Senate Democrats unveil plans for tax hike on multinational corporations

Photo by Yuri Gripas/UPI

April 6 (UPI) — A group of Senate Democrats pitched a plan Monday to increase taxes on U.S.-based multinational corporations.

The framework introduced by Senate finance committee Chairman Sen. Ron Wyden, D-Ore., and committee members Sens. Sherrod Brown, D-Ohio, and Mark Warner, D-Va., offers more moderate changes than the proposal put forward by President Joe Biden last week to pay for his $2 trillion infrastructure plan.

“This framework is a first step in allowing us to find novel, creative approaches that fix the problems with the current system and provide long-term certainty for businesses and stability for federal revenues so that we remain globally competitive,” Warner said in a statement.

The senators’ plan would seek to overhaul three taxes introduced by Republicans in their 2017 tax bill.

Like Biden’s plan, the senators seek to repeal the tax exemption provided by the Global Intangible Low-Taxed Income established in the 2017 legislation.

However, while Biden set the rate for the minimum tax at 21% and the corporate tax rate at 28%, the senators’ proposal described it as an “open question” whether the tax rate should equal the U.S. corporate tax rate.

Both proposals call for calculating the minimum tax on a country-by-country basis rather than a global standard as the senators proposed a “high-tax exclusion” that would group income from low-tax countries together and exclude income from countries already taxed at a higher rate.

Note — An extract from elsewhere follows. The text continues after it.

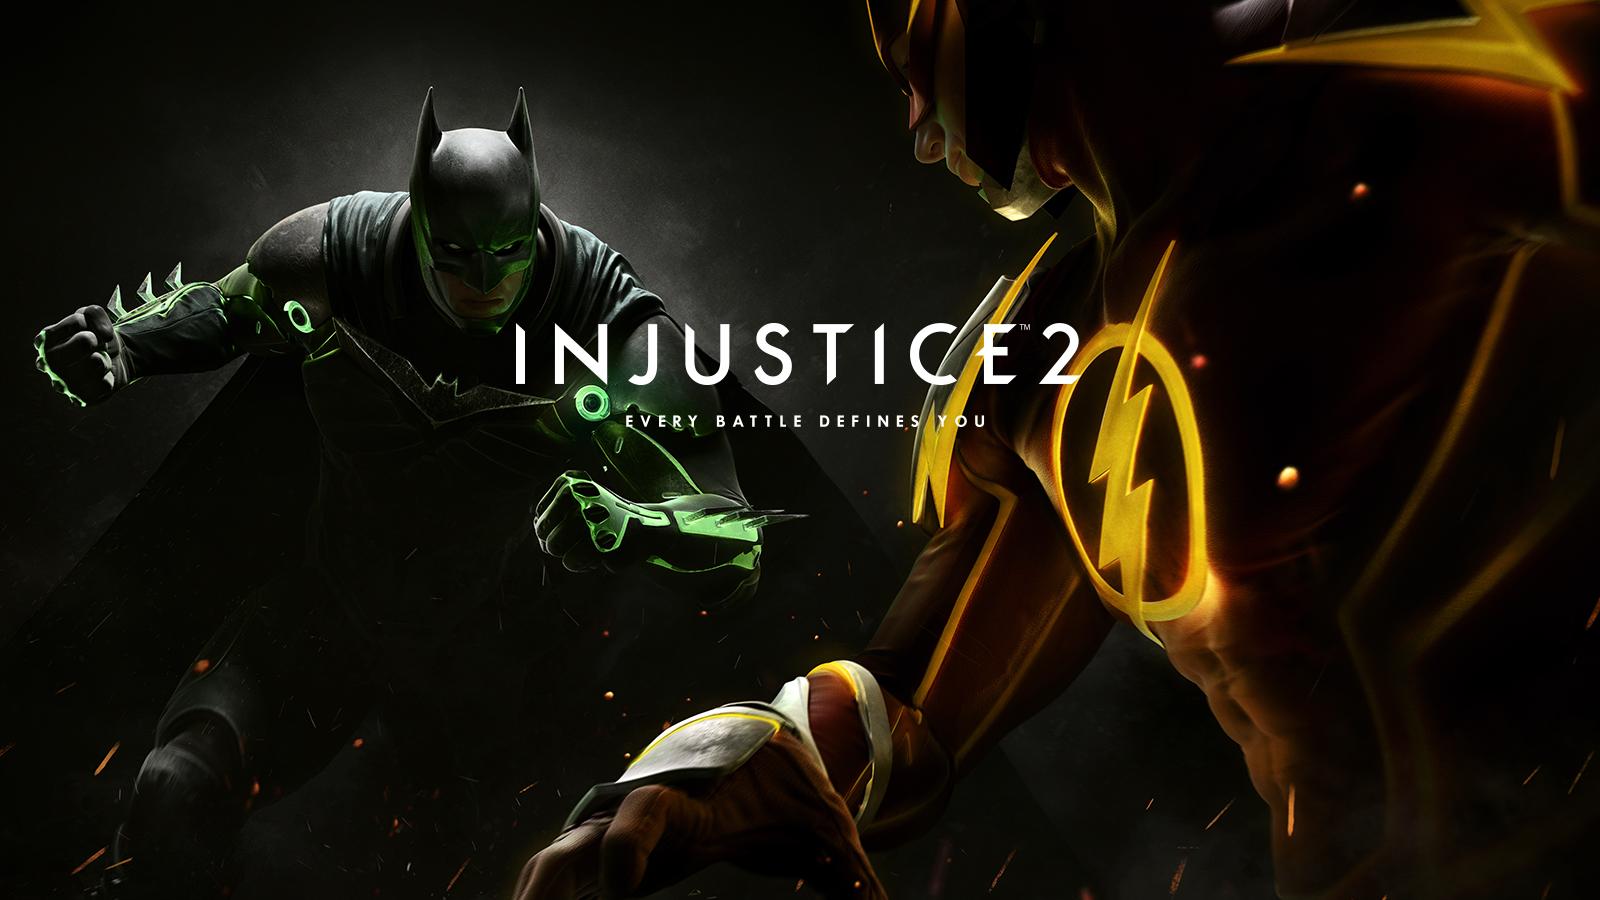 تماشا کنید: سومین مجموعه از مبارزین Injustice 2 معرفی شدند

While Biden’s plan would seek to repeal the Foreign-Derived Intangible Income exception for corporations income related to exports and use the revenue to fund research and development incentives, the senators instead proposed altering the benefits so they do not decrease when companies add tangible assets.

Biden also called for the repeal of the Base Erosion and Anti-Abuse Tax, while the senators proposed creating a new tax bracket to prevent the tax from denying companies domestic tax credits they would otherwise be able to claim.

Treasury Secretary Janet Yellen also said the Biden administration is working with G20 nations to agree to a global minimum corporate tax rate “that can stop the race to the bottom,” during comments in front of the Chicago Council of Global Affairs on Monday.